● WHAT THE EXERCISE ASKS
Write the listing out again word for word. Pictures do not belong in the copy.

● THE DATA
Start of Block

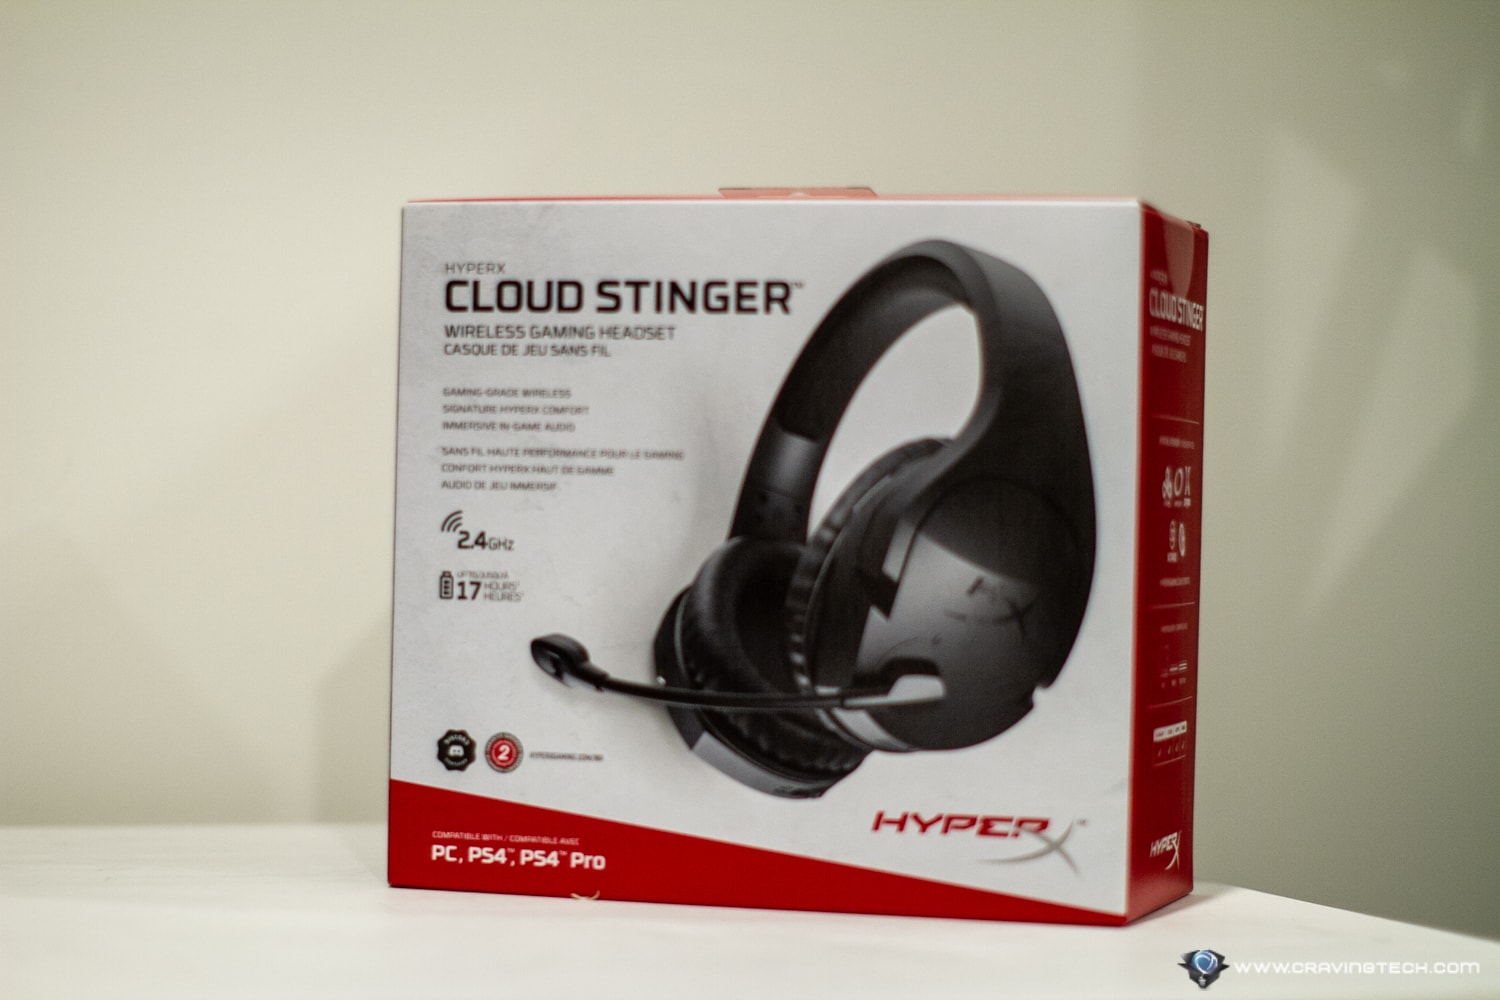 HyperX Cloud Stinger Wireless Gaming Headset Packaging
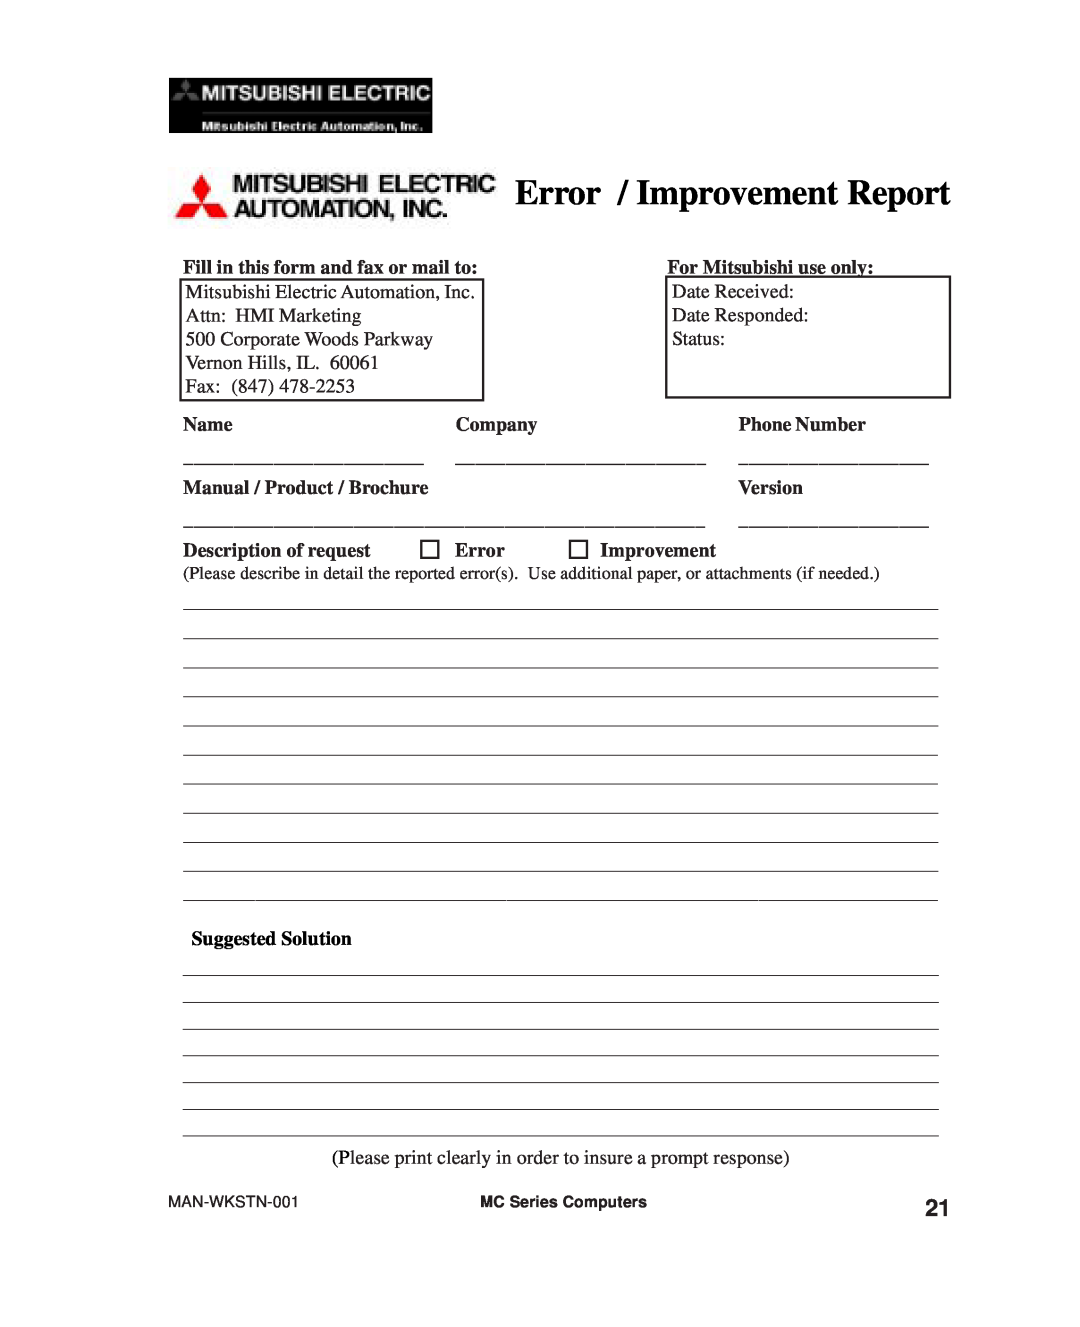 Mitsubishi Electronics MC300 manual Error / Improvement Report, Mitsubishi Electric Automation, Inc Attn HMI Marketing 
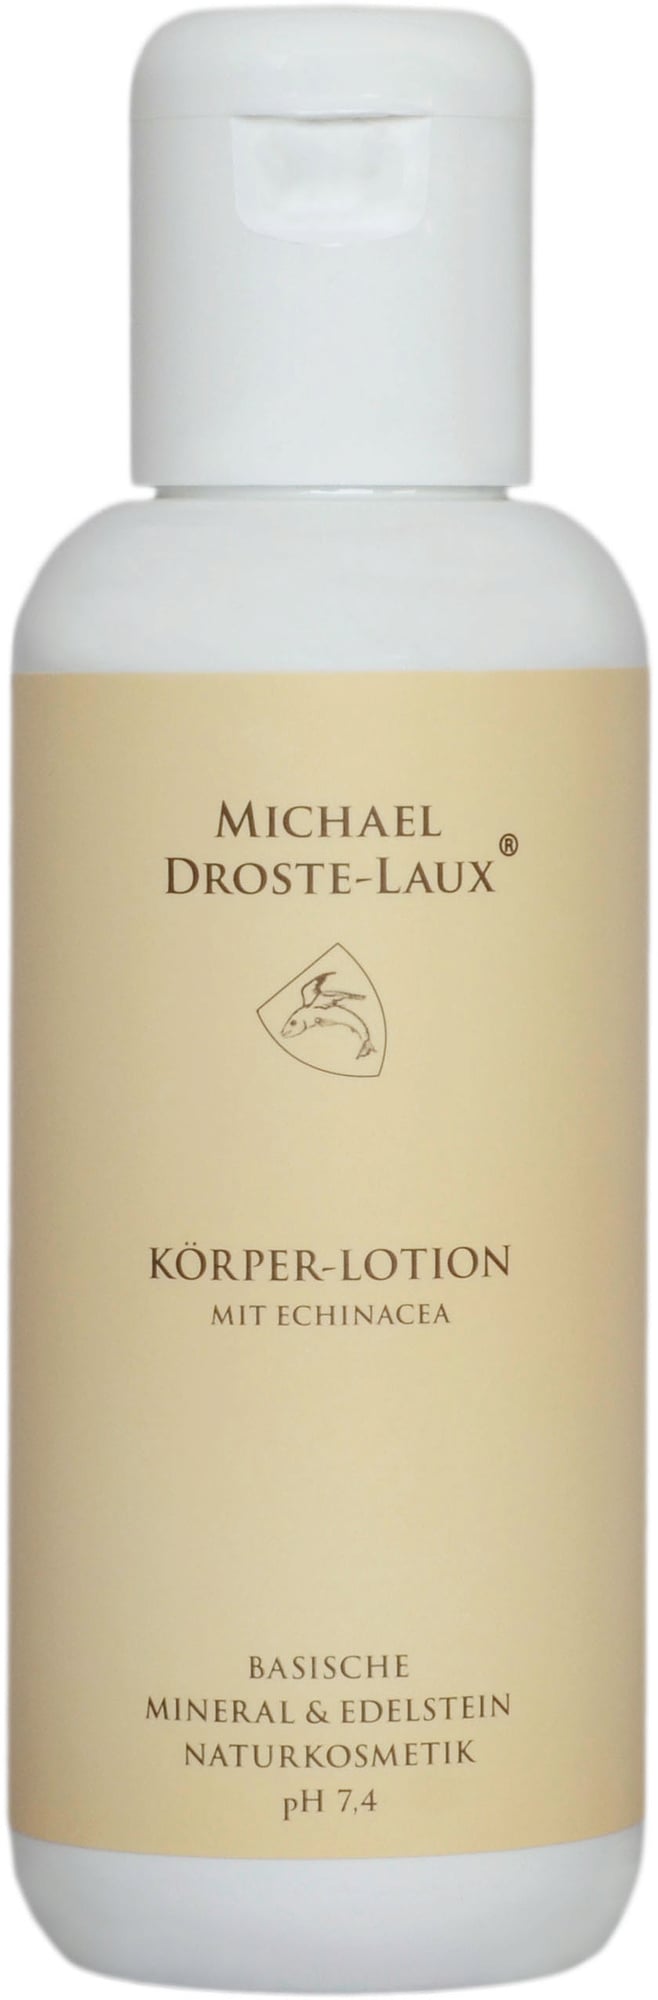 Michael Droste-Laux Alkaline Body Lotion
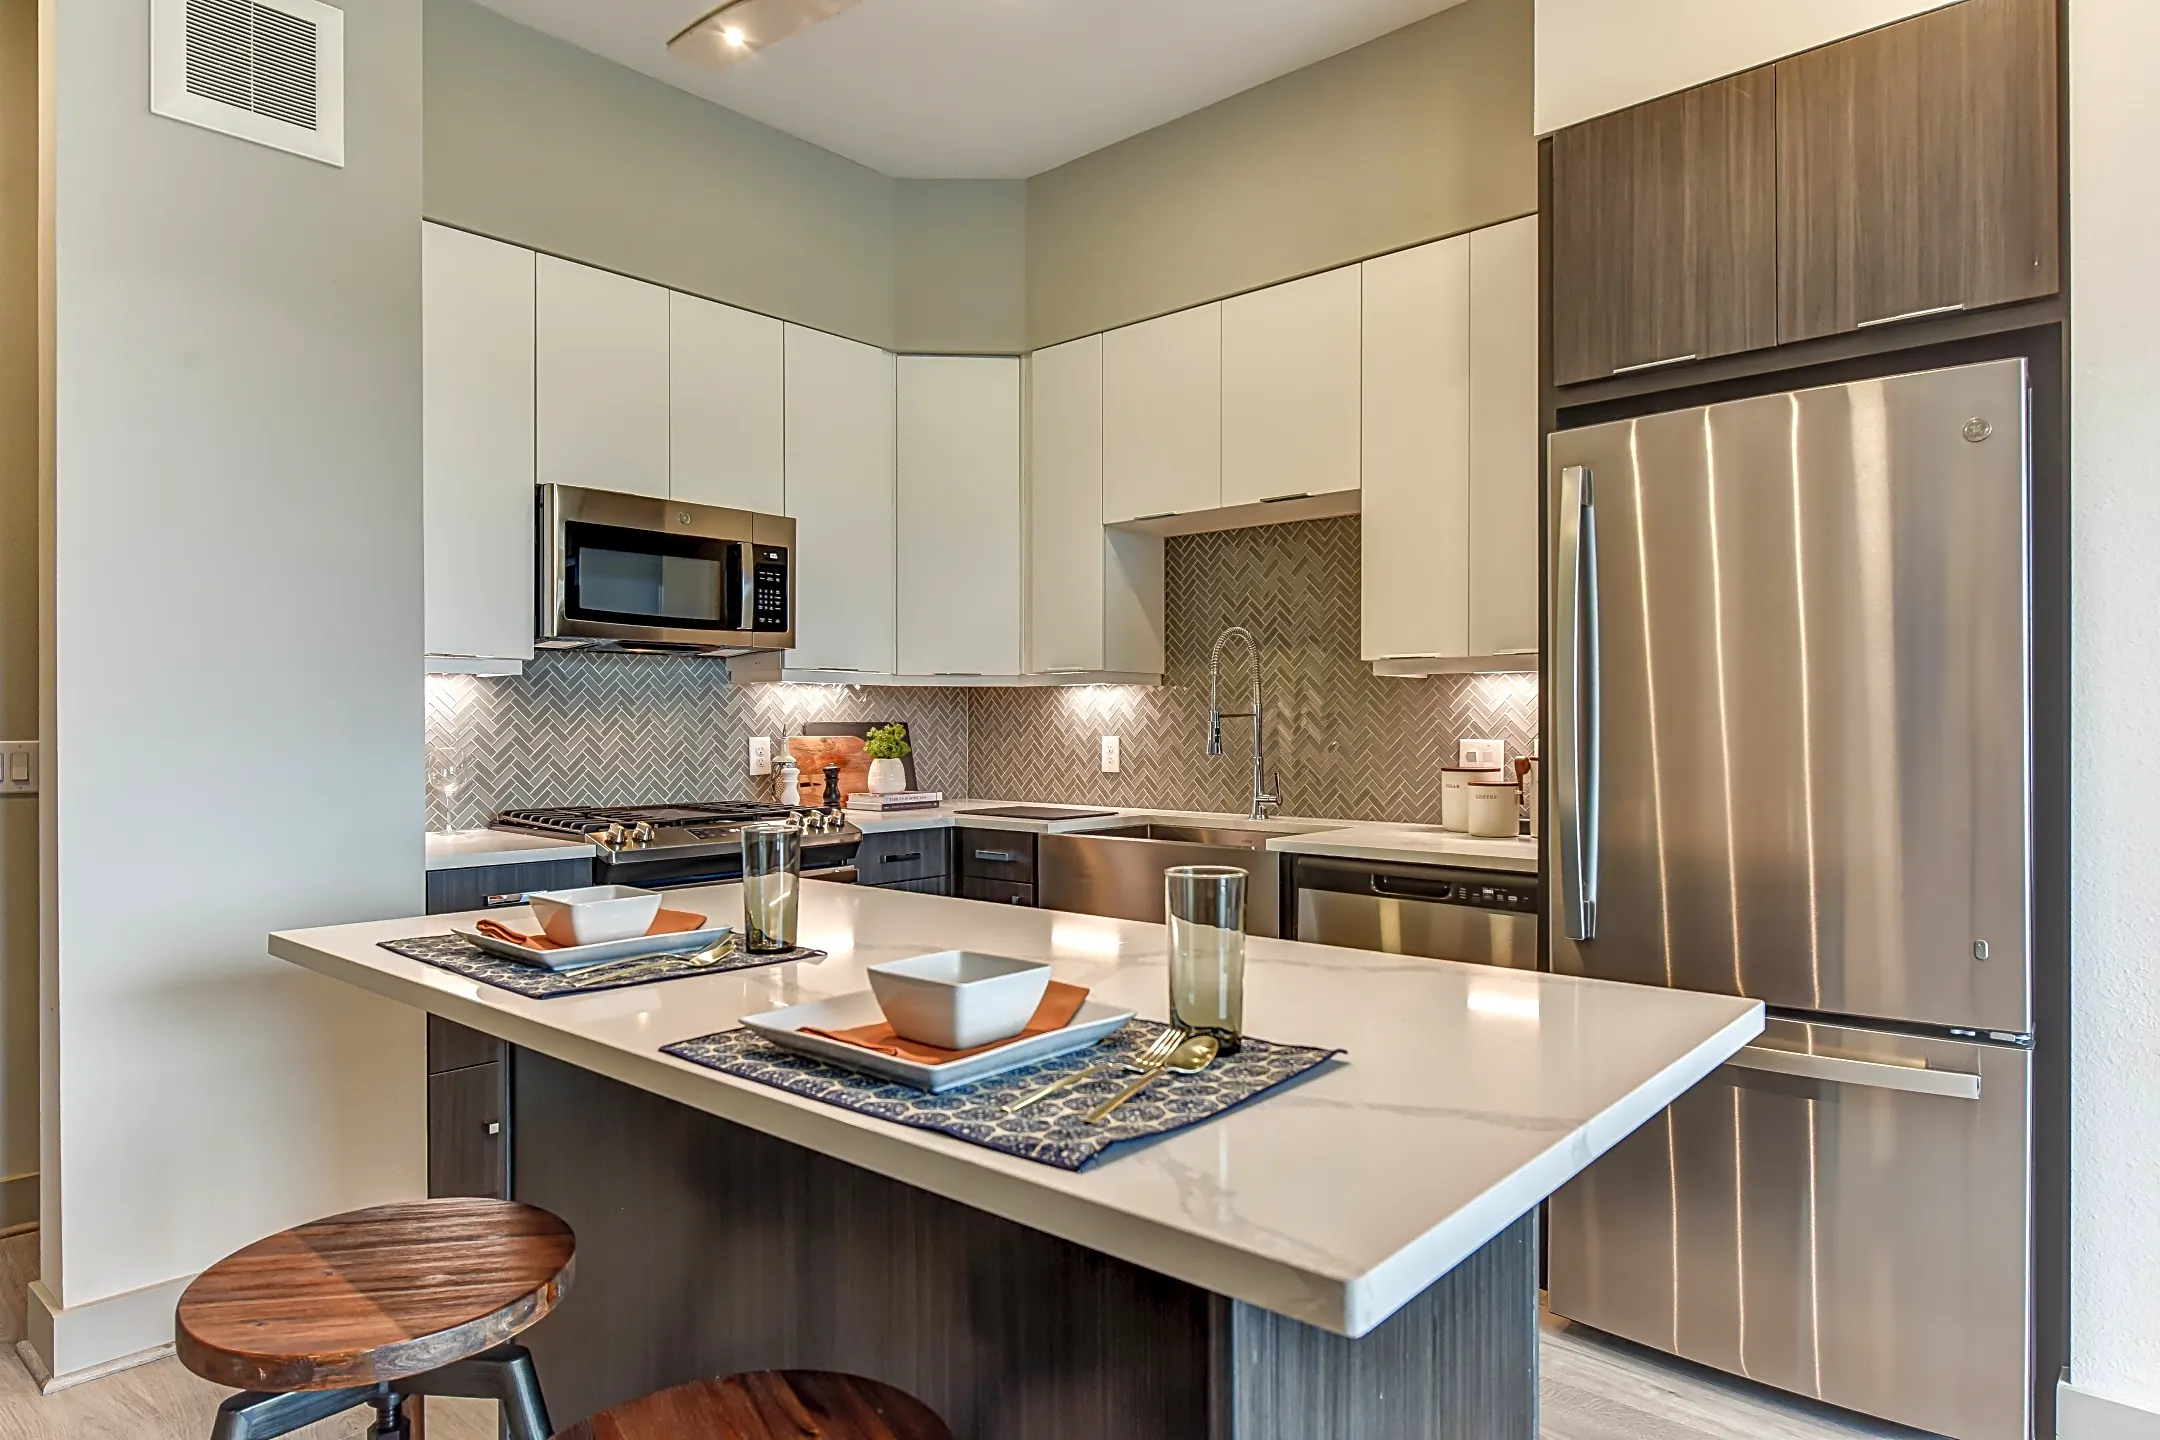 Kitchen - Domain Heights Apartments - Houston, TX

End of Block

● WRITTEN REPLY
 HyperX Cloud Stinger Wireless Gaming Headset Packaging
 Mitsubishi Electronics MC300 manual Error / Improvement Report, Mitsubishi Electric Automation, Inc Attn HMI Marketing 
 Michael Droste-Laux Alkaline Body Lotion
 Kitchen - Domain Heights Apartments - Houston, TX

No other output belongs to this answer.